Y me pongo a pensar en qué podría
pensar él. Generalmente no acostumbro a vacilar, al fin y al
cabo me sé mi papel de memoria, pero hoy se me ha escapado de
la cabeza. O más bien no se ha escapado, está allí, aunque
de pronto se ha dado cuenta de lo estúpido que es y se ha
avergonzado tanto que no quiere salir. Además, lo de la familia
y los amigos también ha sido bastante tonto. ¿Y si es
precisamente por culpa de ellos que monta todo este número?

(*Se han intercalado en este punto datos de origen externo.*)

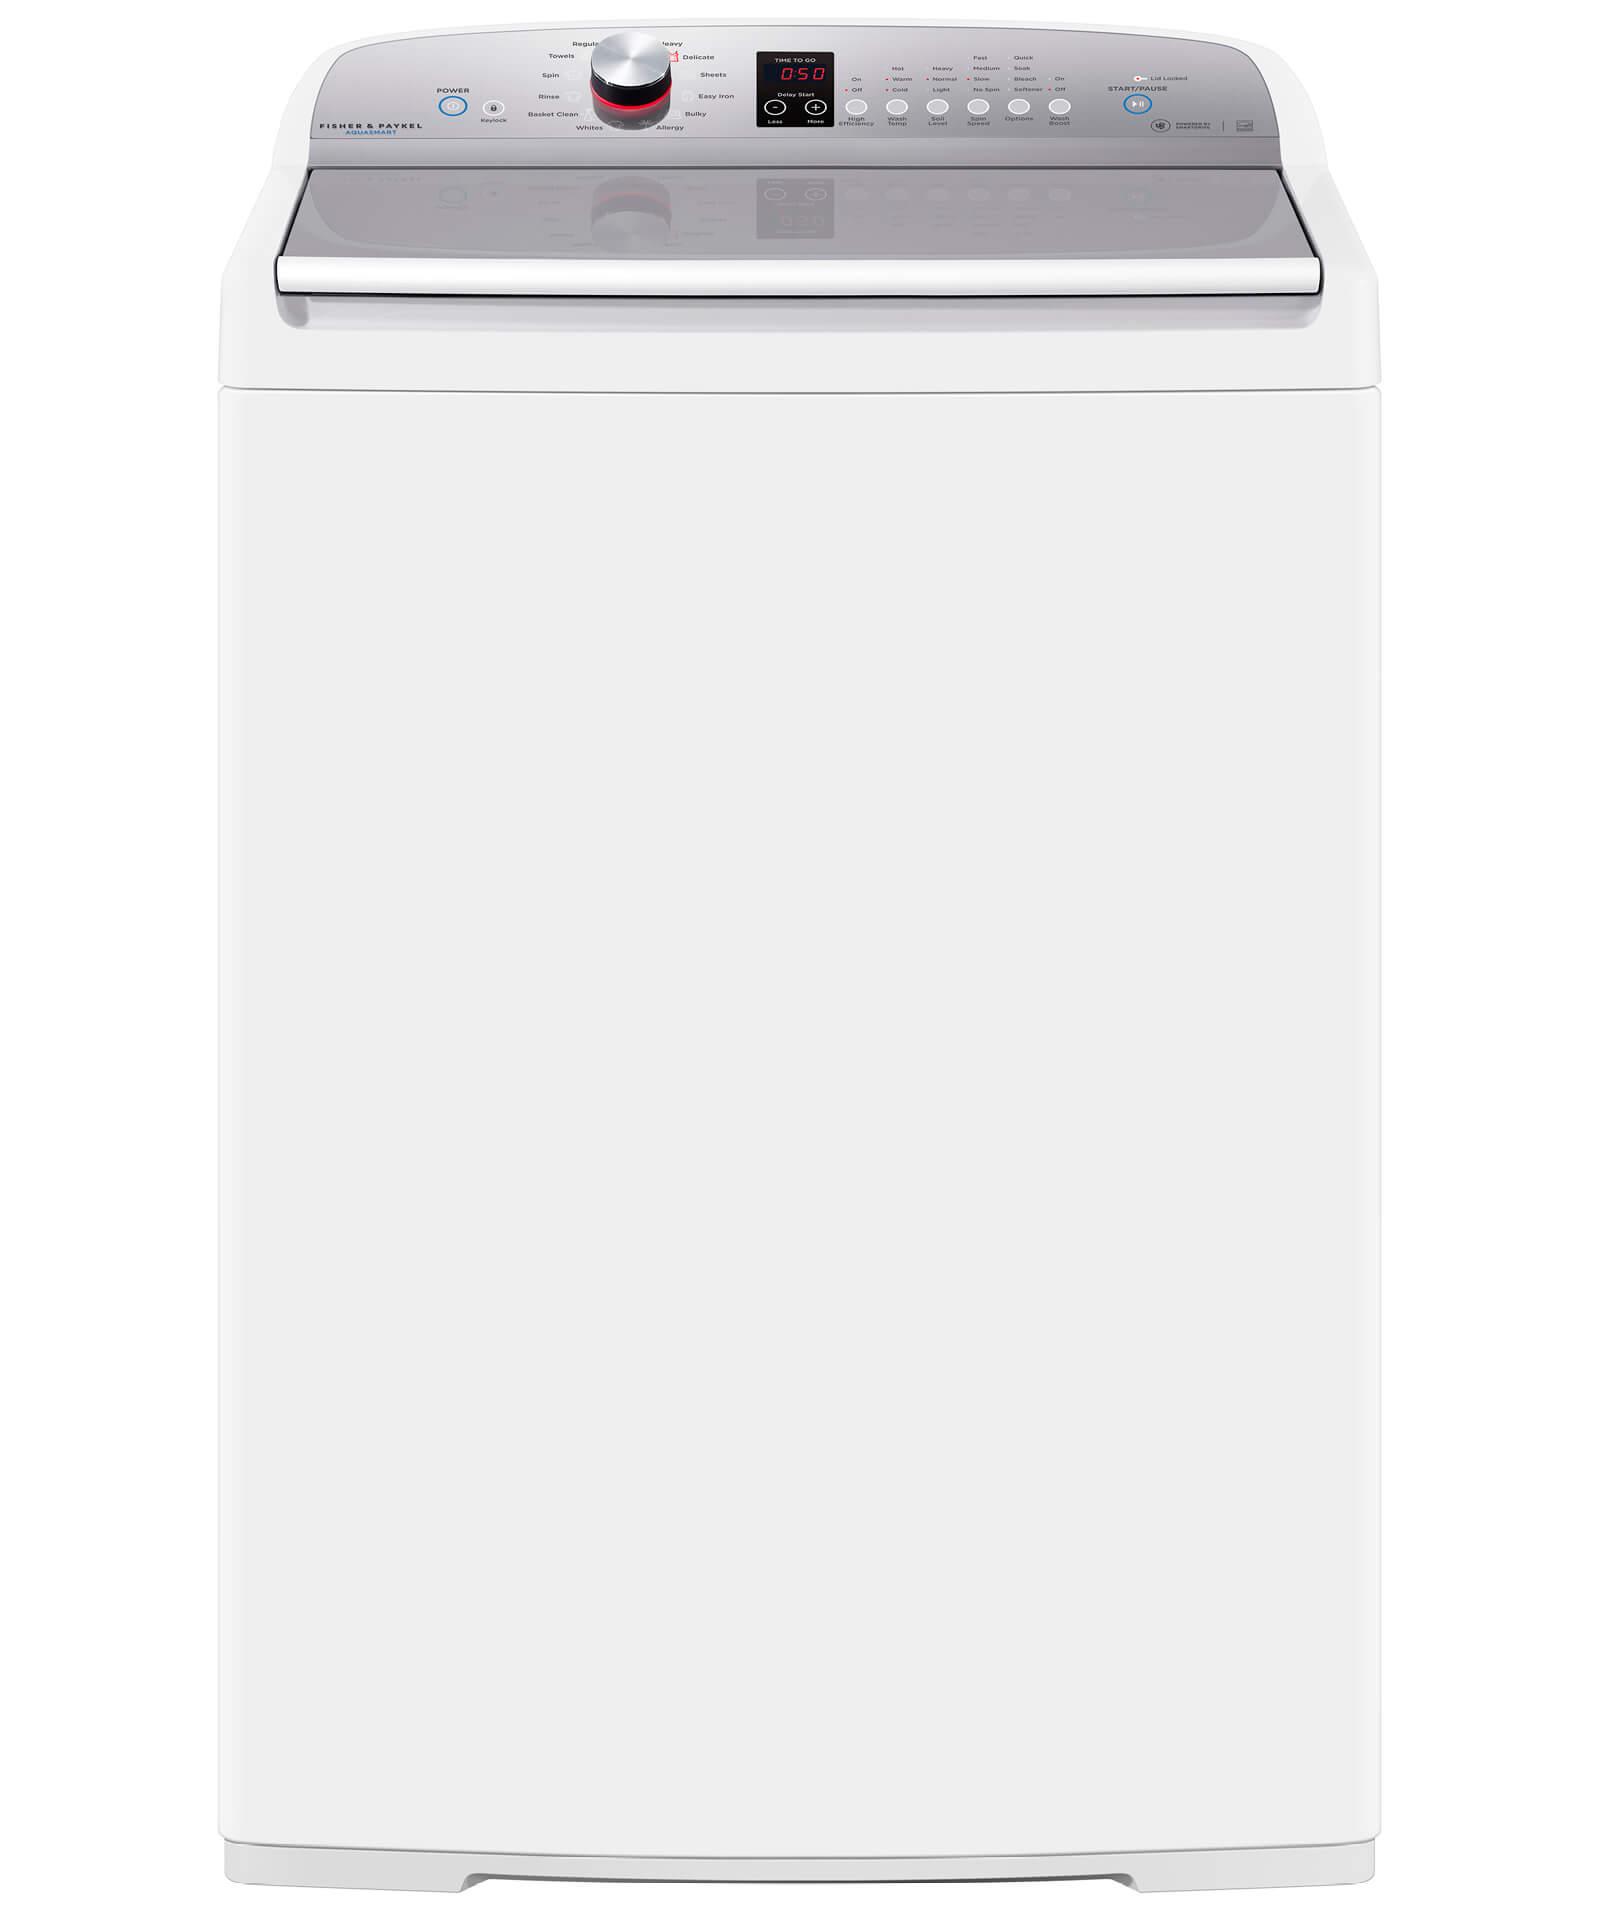 Top Loader Washing Machine, 4 cu ft AquaSmart™

Pero a fin de cuentas algo hay que decir. Así que digo «para ganar
tiempo»:
—Sopla fuerte hoy, ¿verdad?
Por primera vez me mira con un aire un
poco más consciente. Se ve que no se lo esperaba; me he salido
de mi papel. Una metedura de pata. De modo que para llamarme al
orden, da el siguiente medio paso hacia el borde. Su pie queda
suspendido sobre el abismo. Pero de pronto a mí se me pasan
las ganas.
—Salta, si quieres, mamarracho —digo,
y comienzo a bajar la escalera.
Y ¿qué me decís, que ha
saltado? Pues sí, ha saltado. Ahora estoy esperando el juicio y
el veredicto. Por descontado que perderé mi trabajo en el
cuerpo de bomberos, sobre esto no hay dudas. Y con toda razón,
pues no he cumplido con mis obligaciones profesionales. Estoy acusado
de... Bueno, no tiene importancia. También estoy de acuerdo con
la acusación. Sólo no estoy de acuerdo con una cosa, no estoy
de acuerdo en absoluto. Los titulares hablaban de suicidio, y en
mi opinión fue un accidente. En la profesión de suicida
también puede haber accidentes mortales.
Slawomir Mrozek.
Aquí hay un buen obituario de
cuando murió Slawomir, dentro de nada hará un año. Lástima. Una
finura propia de otros tiempos.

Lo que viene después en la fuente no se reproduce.